[What you should do]
Return all of the data below verbatim and exclude every picture.
Start of Information provided
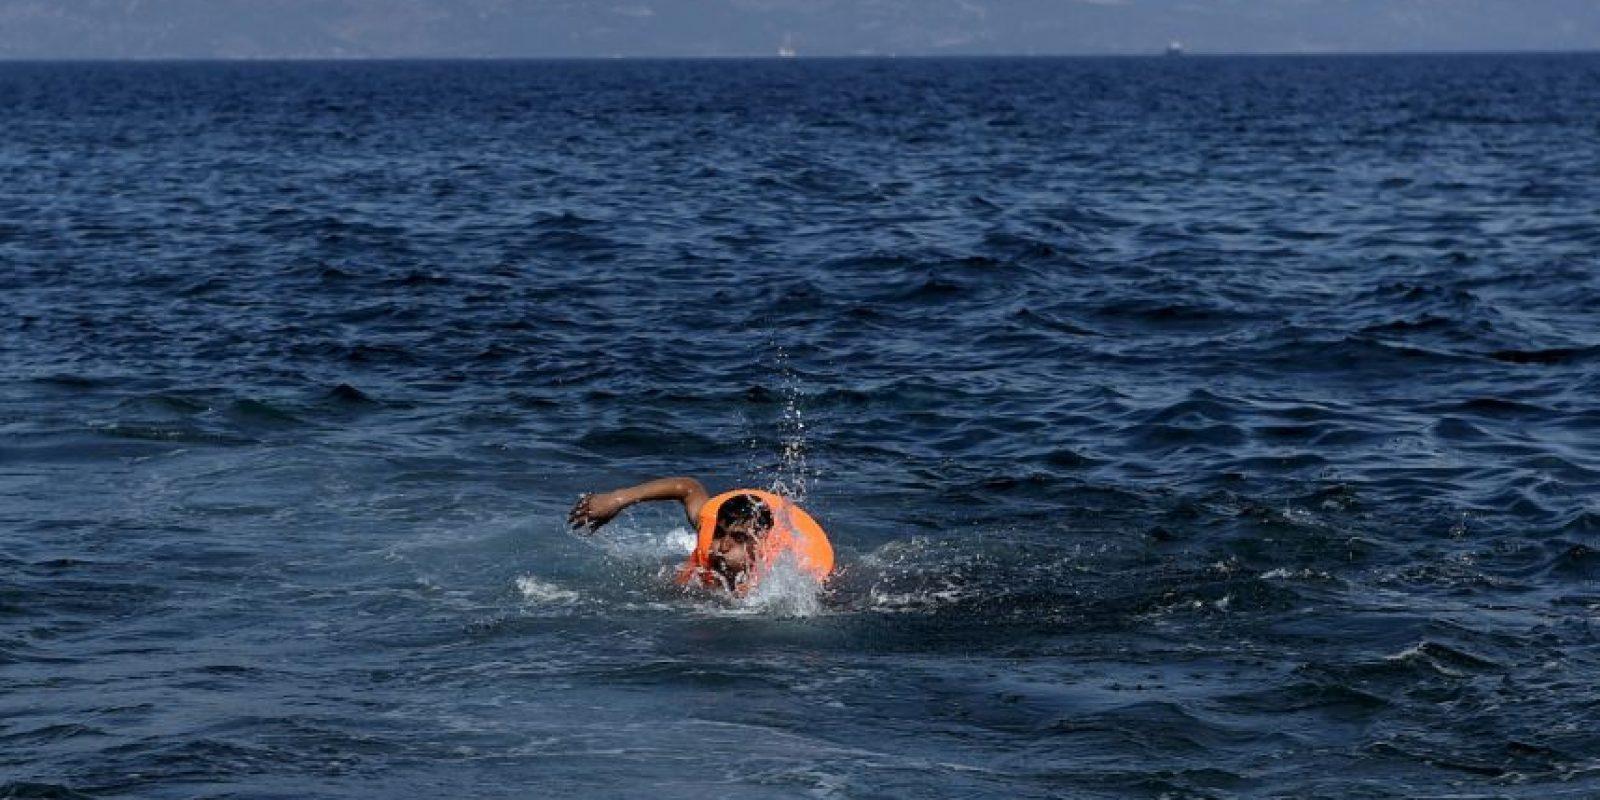 Un migrante nada en la costa de la isla griega de Lesbos. Foto:AFP
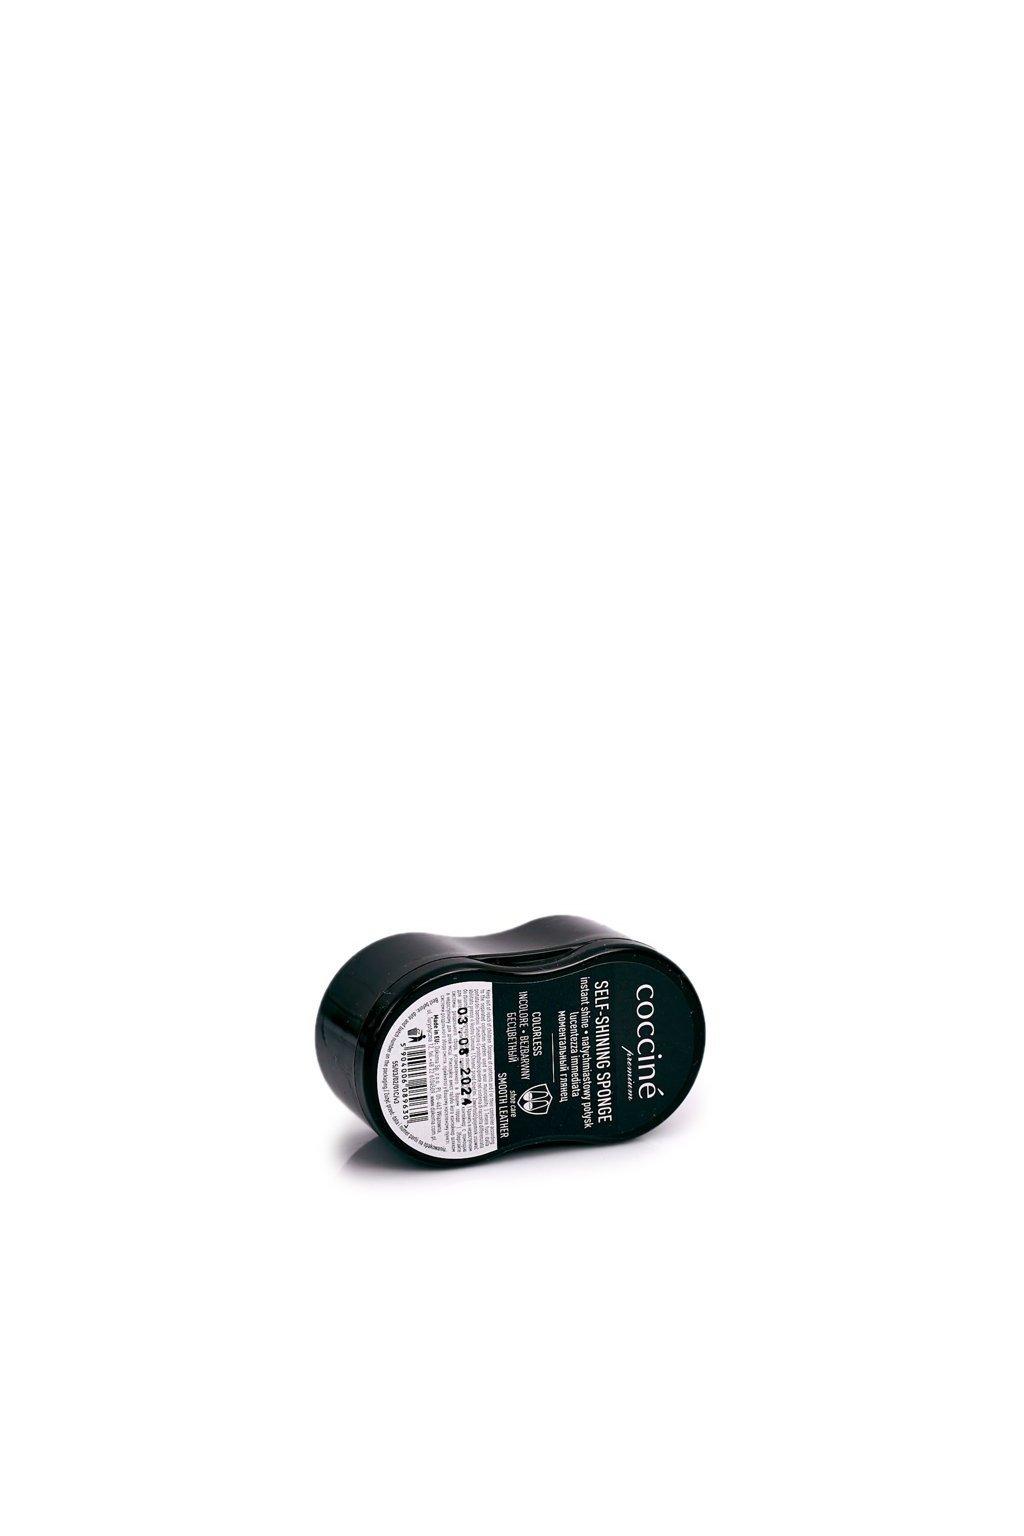 Kefa na čistenie obuvi bezbarvá kód BS55/03/02 COCCINE SHINING SPONGE MAŁY
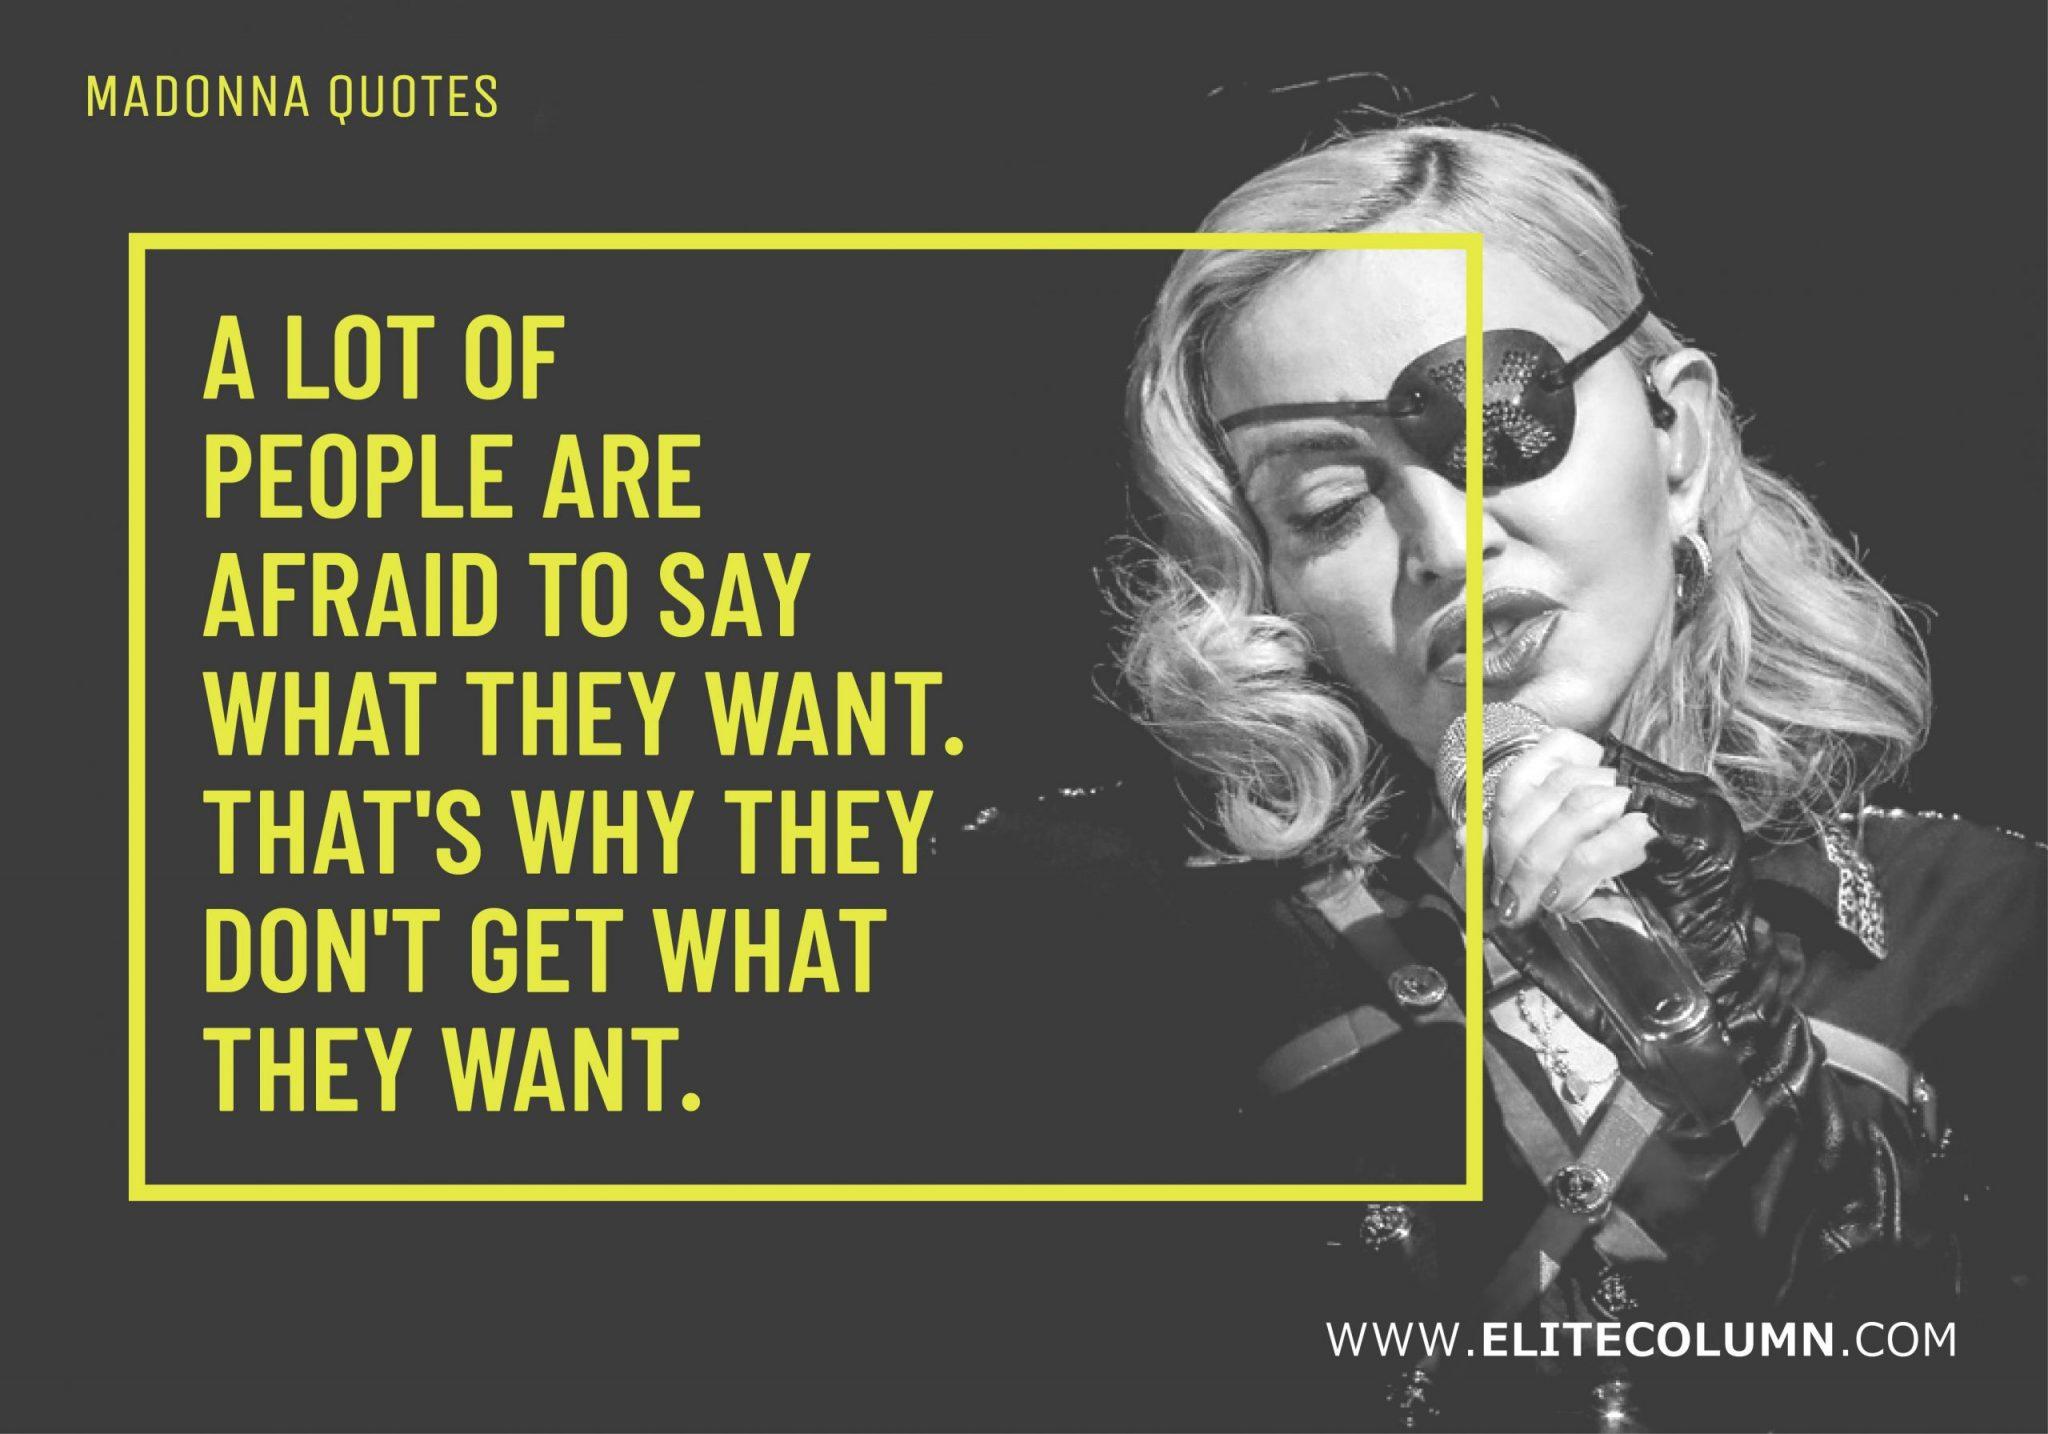 Madonna Quotes (2)
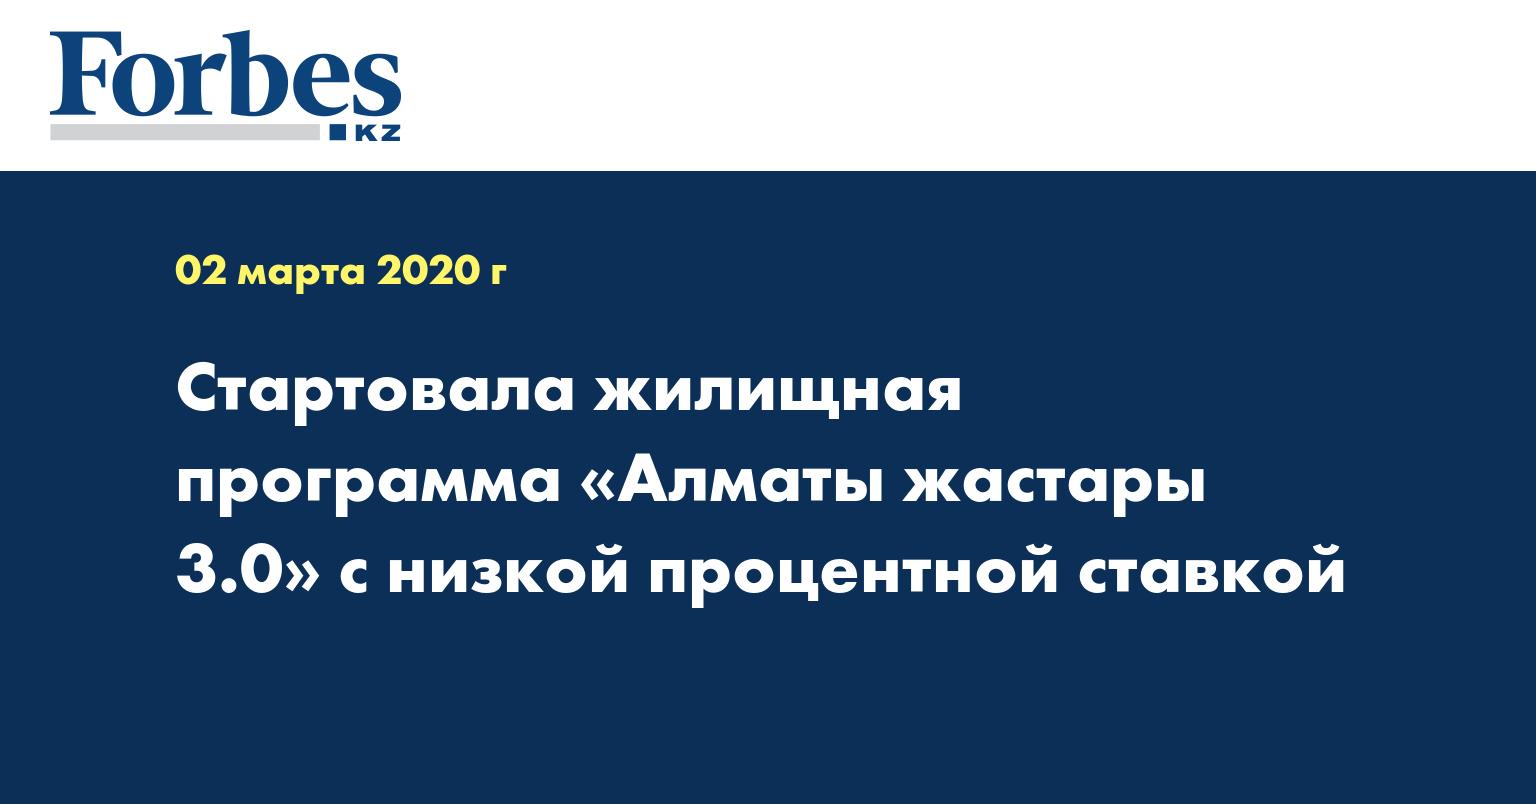 Стартовала жилищная программа «Алматы жастары 3.0» с низкой процентной ставкой
End of Information provided
[Task answer]
 Un migrante nada en la costa de la isla griega de Lesbos. Foto:AFP
 Kefa na čistenie obuvi bezbarvá kód BS55/03/02 COCCINE SHINING SPONGE MAŁY
 Madonna Quotes (2)
 Стартовала жилищная программа «Алматы жастары 3.0» с низкой процентной ставкой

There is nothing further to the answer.